Monday, 11/20/2017 2:56:21 PM

Monday, November 20, 2017 2:56:21 PM

Post# of 80
Well, that was a BIG MOVE --->

DOWN

This from their NT10 Q does not look good:

Unaudited preliminary financial results for the quarter ended September 30, 2017, are expected to include:
• Revenues within the range of $59 million to $61 million, compared with revenues within the range of $102 million to $104 million for the quarter ended September 30, 2016. Revenues decreased from the third quarter of 2016 primarily due to lower sales of LED and CFL products to retail customers in North America and Europe.
• A non-cash charge for long-lived asset impairments within the range of $1.4 million to $2.4 million related to impairment of CFL-related product facilities and equipment. The Company is still in the process of finalizing the fair value measurements used to determine the final impairment charge to be reported.
Loss before income taxes within the range of $(4.1) million to $(6.1) million, compared with income before income taxes within the range of $7.5 million to $8.5 million for the quarter ended September 30, 2016. Income before income taxes decreased from the third quarter of 2016 primarily due to the reduction in revenues and the resulting decrease in operating leverage in our manufacturing operations along with the long-lived asset impairment charges, partially offset by lower payroll expenses and a $1.1 million gain on the sale of the Company's Shanghai sales office.
• A non-cash charge for the establishment of a full valuation allowance against the net deferred tax assets of $16.9 million (or $0.58 per share) within the Company's U.S. operations.
Diluted loss per share within the range of $(0.70) to $(0.75) per share, compared with diluted earnings per share within the range of $0.16 to $0.18 per share for the quarter ended September 30, 2016.
Cash and cash equivalents of approximately $12 million, compared with cash and cash equivalents of approximately $26 million at December 31, 2016.
• Total debt of approximately $35 million, compared with total debt of approximately $33 million at December 31, 2016. The remaining borrowing capacity under the U.S. revolving line of credit was approximately $19 million at September 30, 2017.

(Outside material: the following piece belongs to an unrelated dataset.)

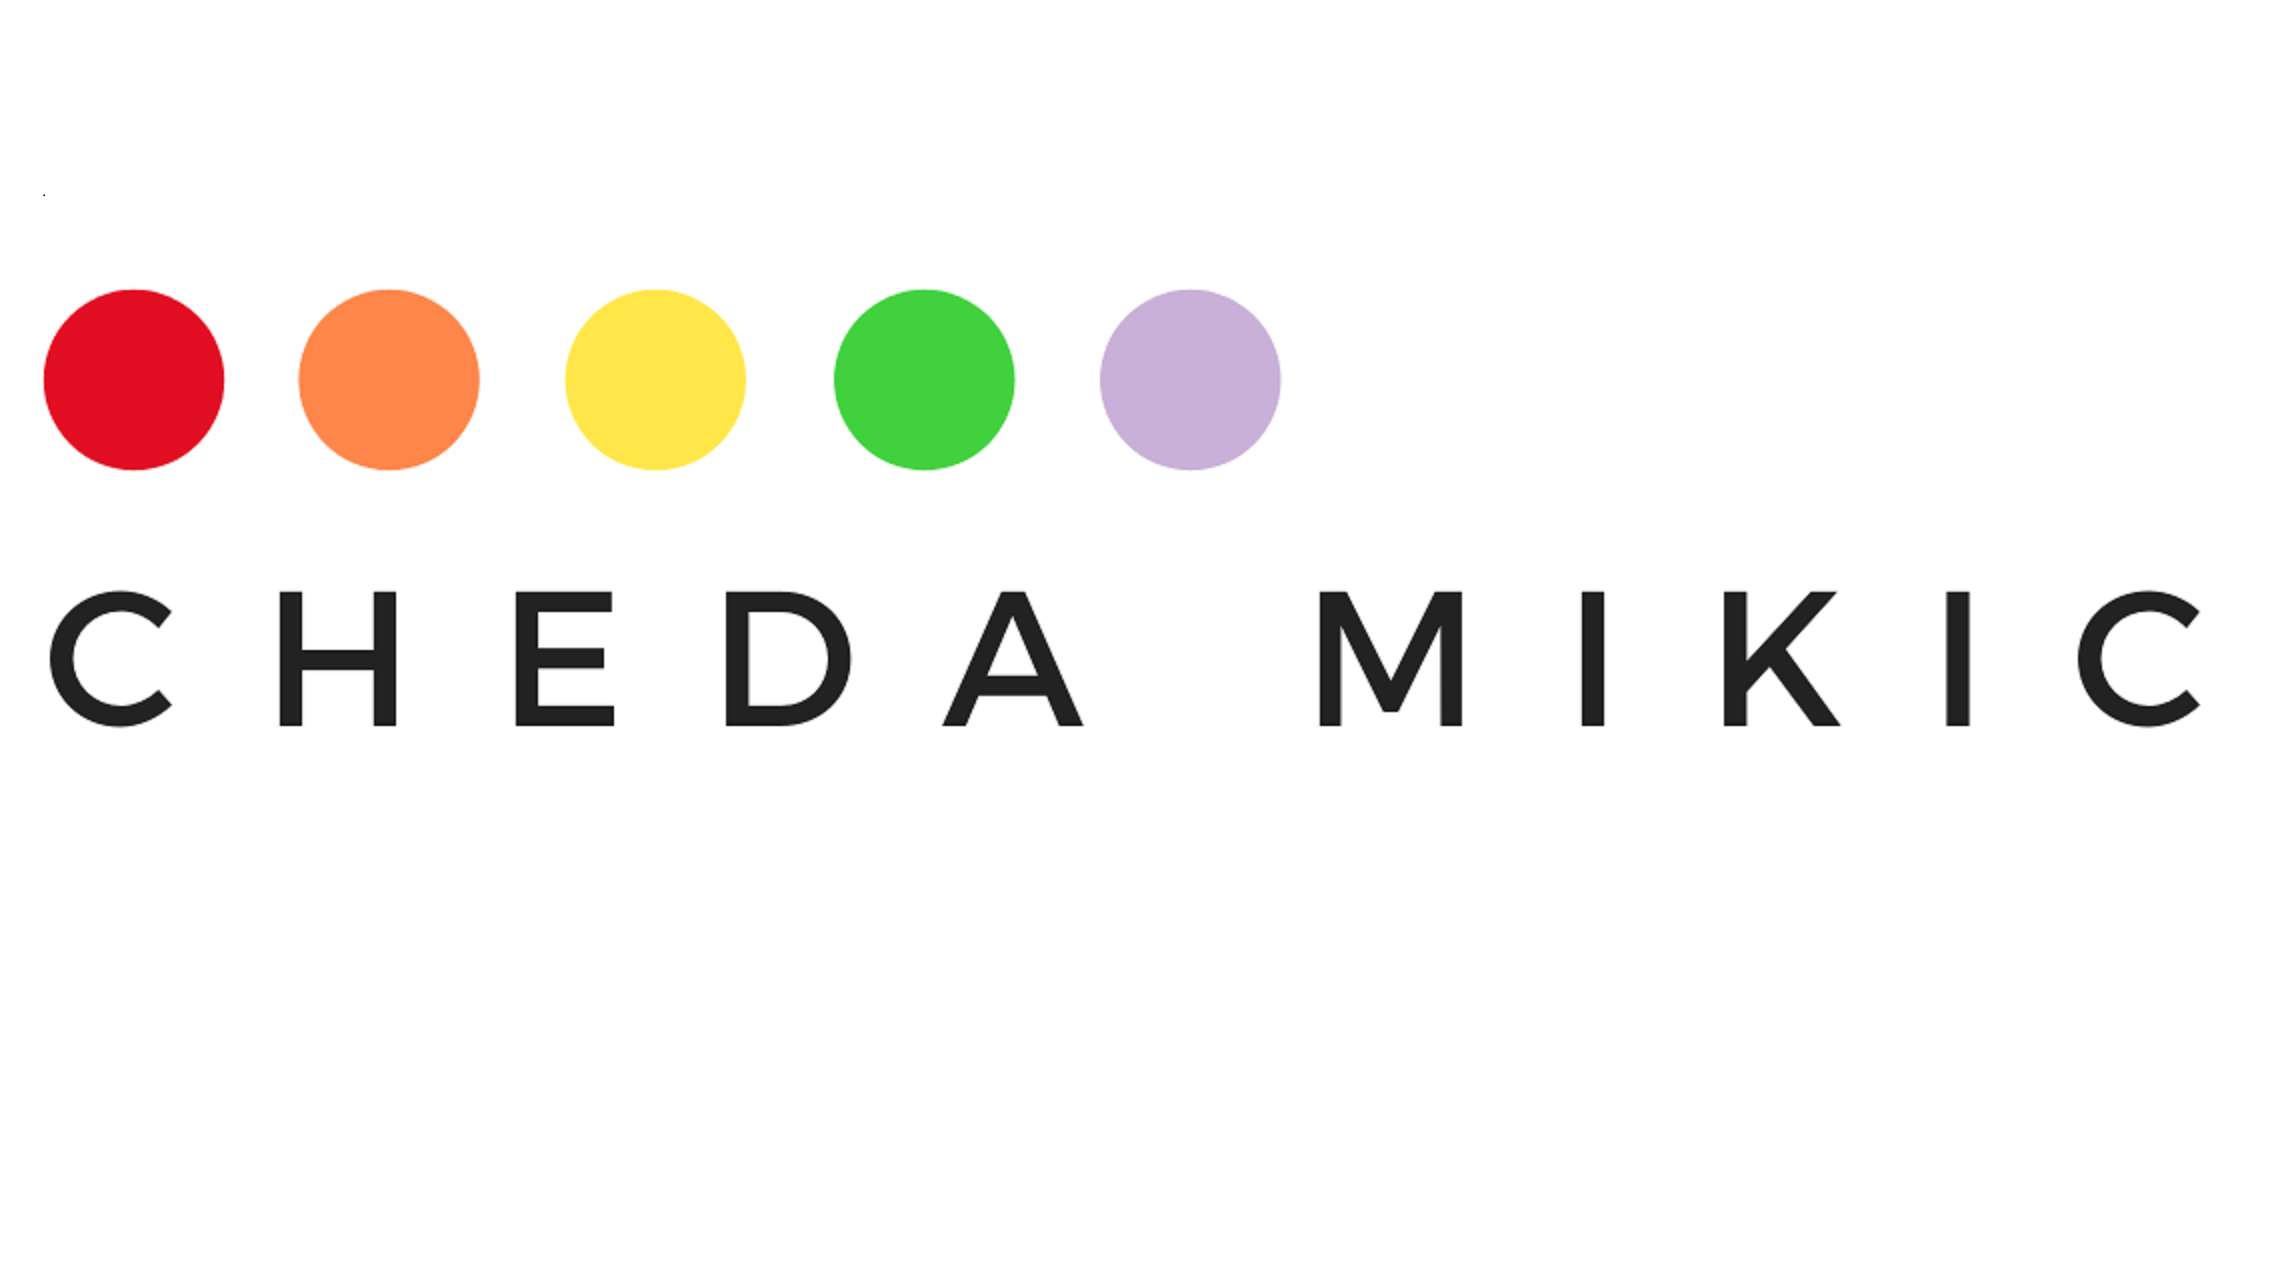 Cheda Mikic

In light of declining revenues, the Company is evaluating alternatives for improving efficiency. If the Company continues to experience lower revenues, or if any activities undertaken by the Company do not result in sufficient efficiency benefits, the Company may continue to experience operating losses.
The audit of the Company's annual financial statements and reviews of its quarterly financial statements have commenced but there can be no assurance that material adjustments to previously issued financial statements, previously disclosed preliminary results or these preliminary results will not be required.

Then from the last 8k:

On October 26, 2017, Zachary A. Guzy, Chief Financial Officer of TCP International Holdings Ltd. (“the Company”), resigned to accept a position with a consumer products company not affiliated with the lighting industry. His resignation did not arise from any disagreement on any matter relating to the operations, policies or practices of the Company. Mr. Guzy will remain with the Company through November 17, 2017.


Caution advised.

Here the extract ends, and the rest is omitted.